The pictures are to be left out, and all remaining data is to be transcribed exactly as it appears.

Supplied data
· · ·

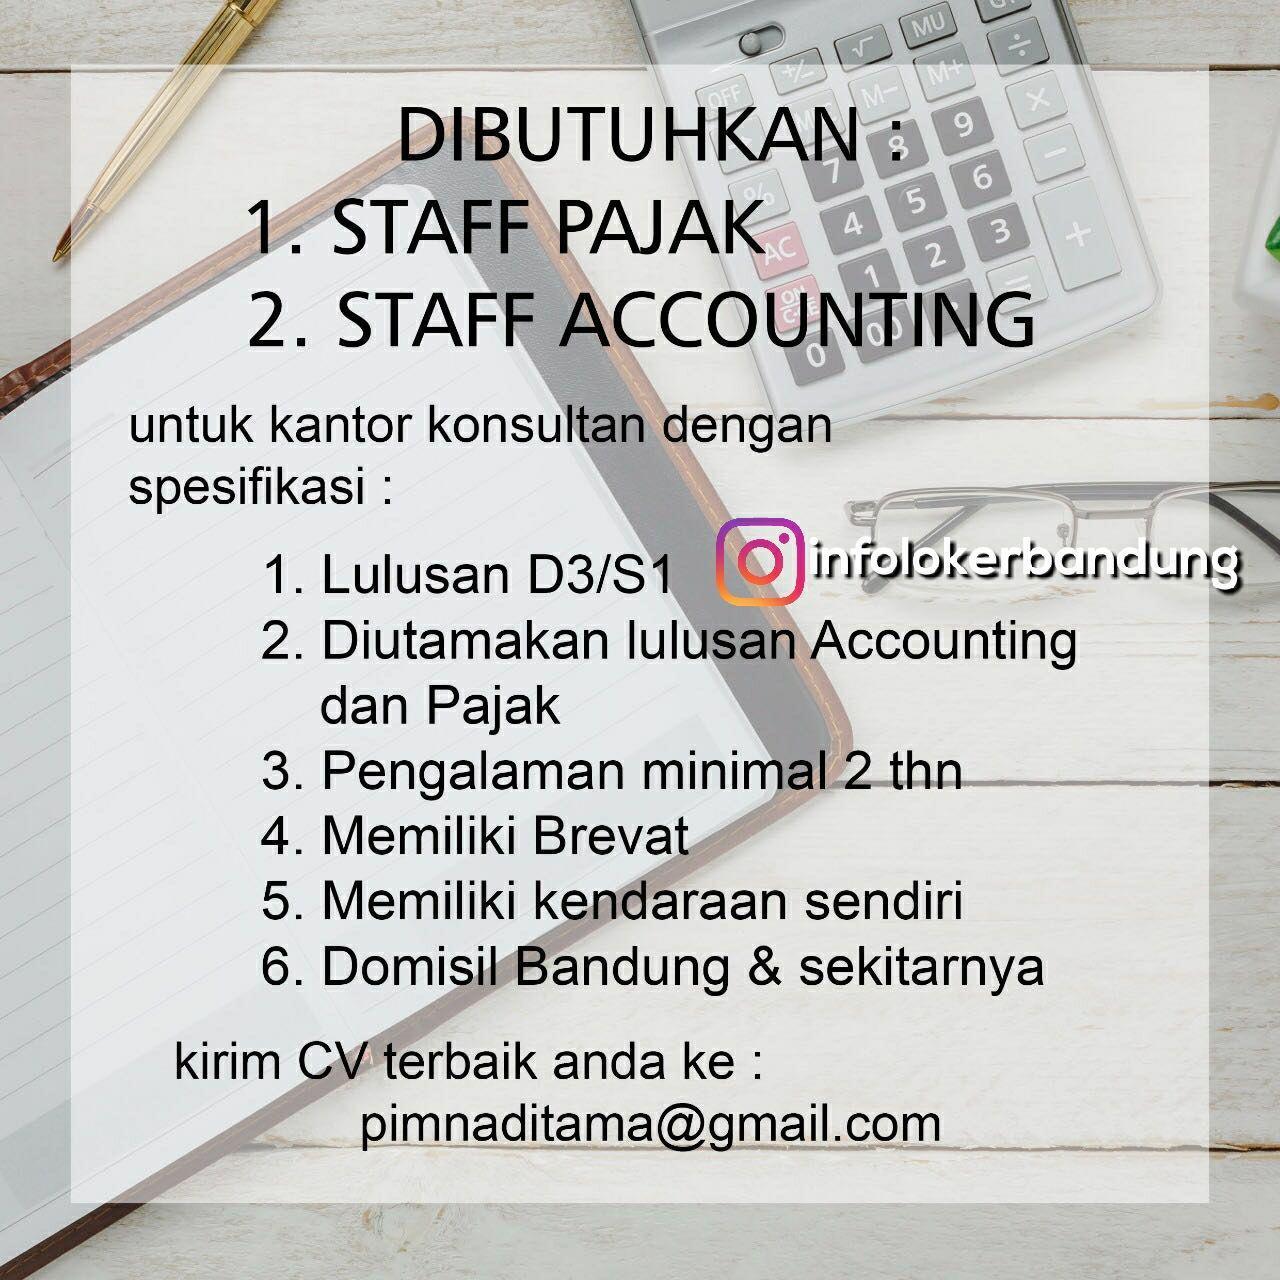 Lowongan Kerja Staff Pajak & Staff Accounting Bandung Februari 2018
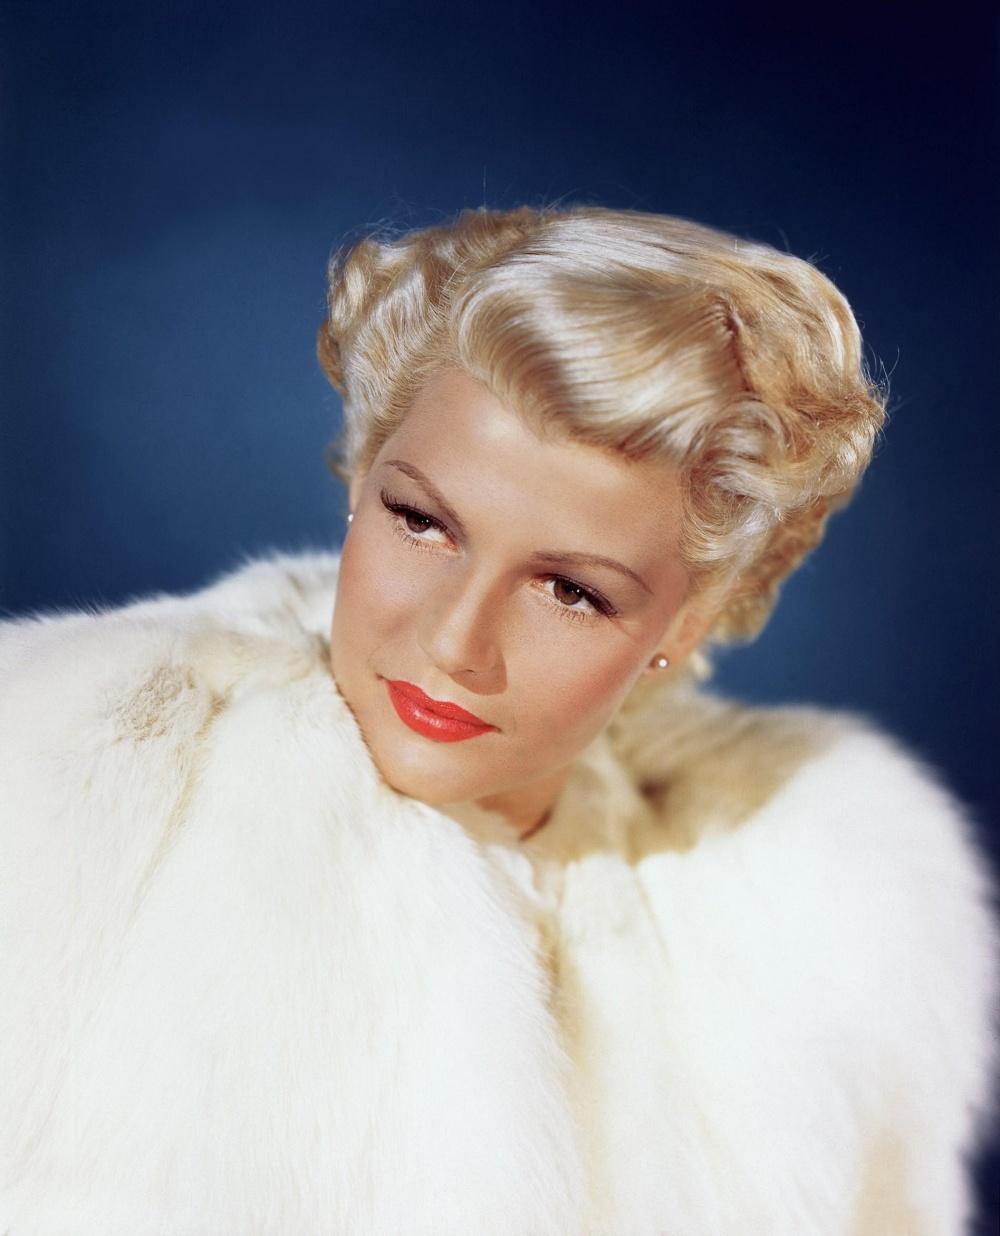 Rita hayworth sexy films
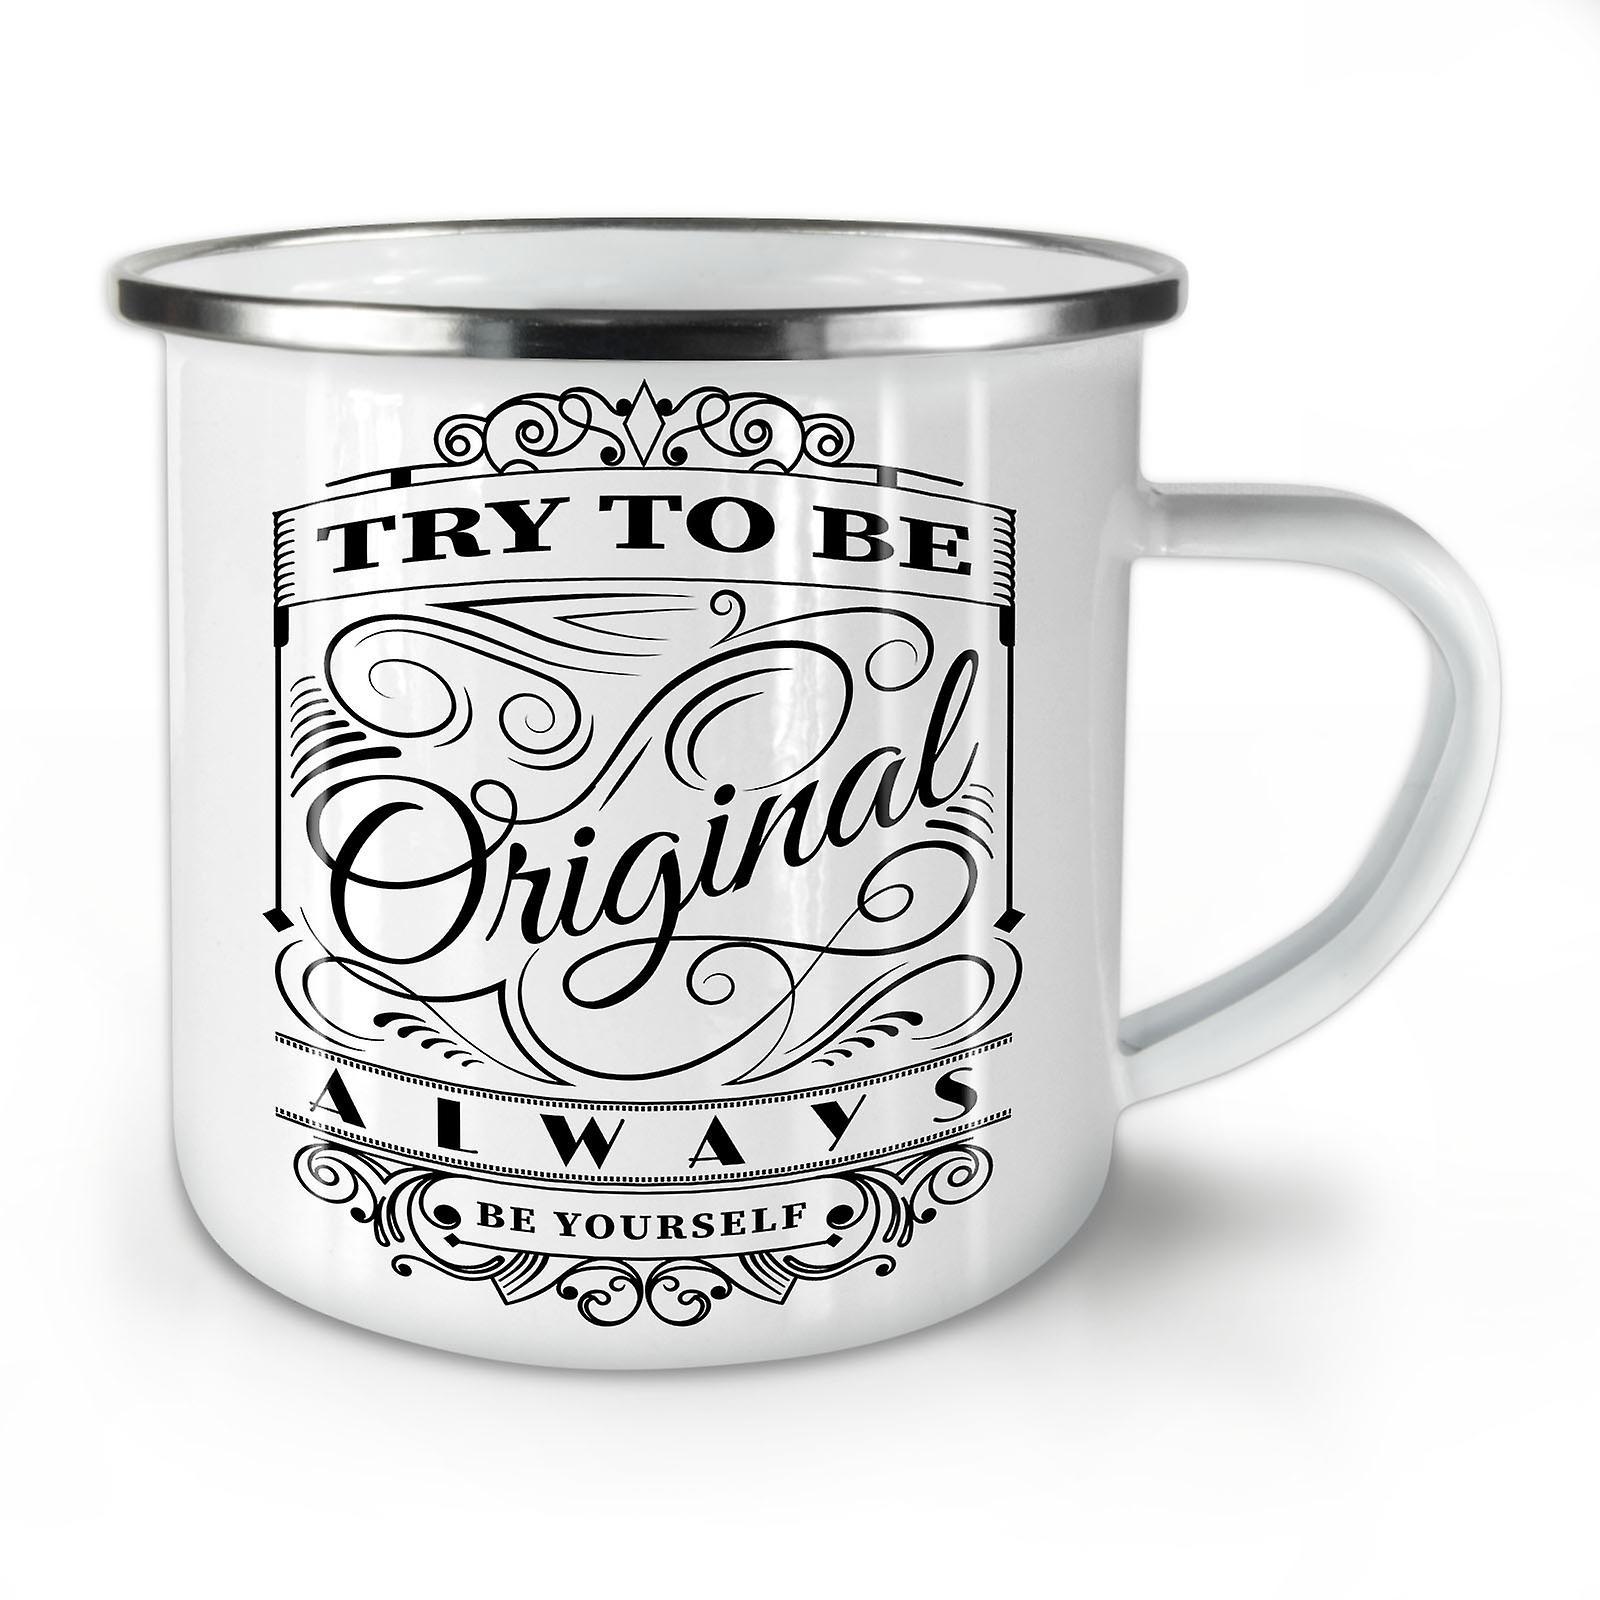 Unique Coffee OzWellcoda Be Enamel Whitetea Try New Mug10 To dhCstQr
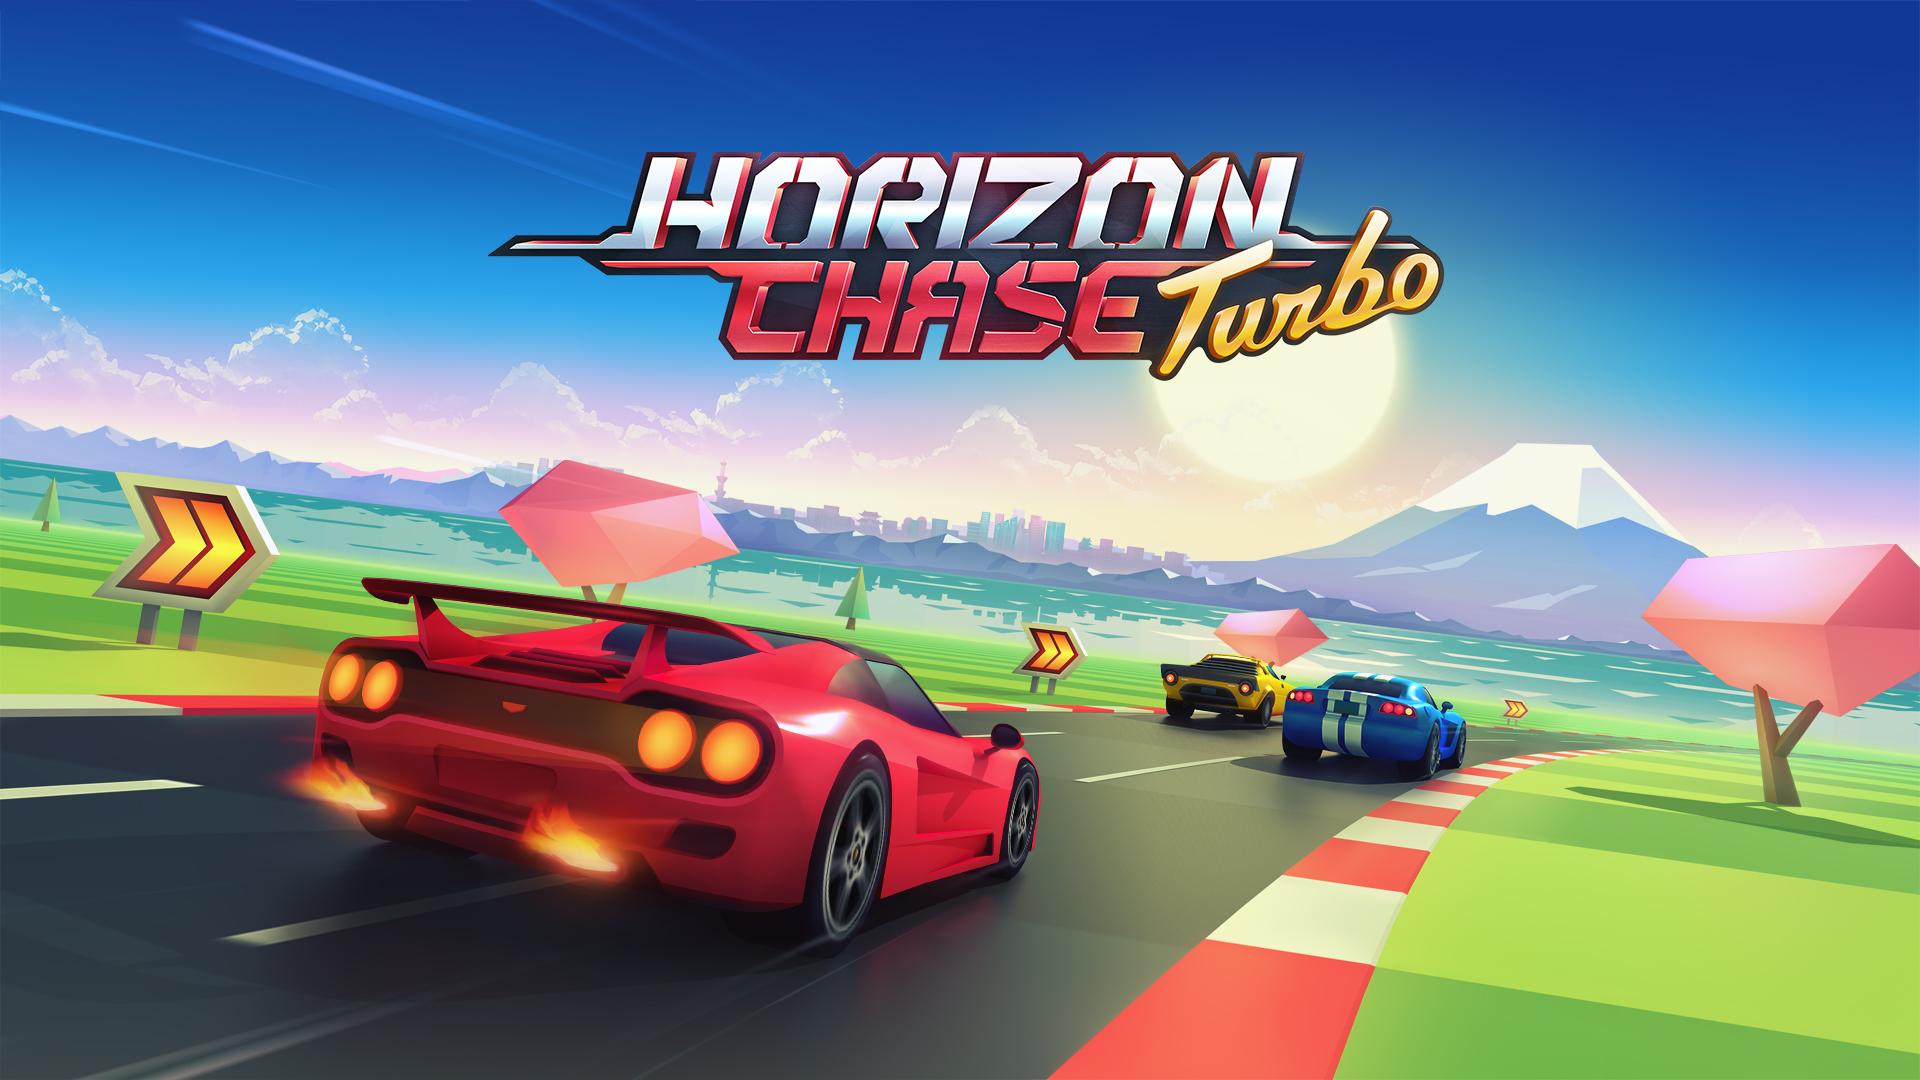 Horizon Chase Turbo (Nintendo Switch Digital Download) $5.99

· · ·

Task solution
 Lowongan Kerja Staff Pajak & Staff Accounting Bandung Februari 2018
 Rita hayworth sexy films
 Unique Coffee OzWellcoda Be Enamel Whitetea Try New Mug10 To dhCstQr
 Horizon Chase Turbo (Nintendo Switch Digital Download) $5.99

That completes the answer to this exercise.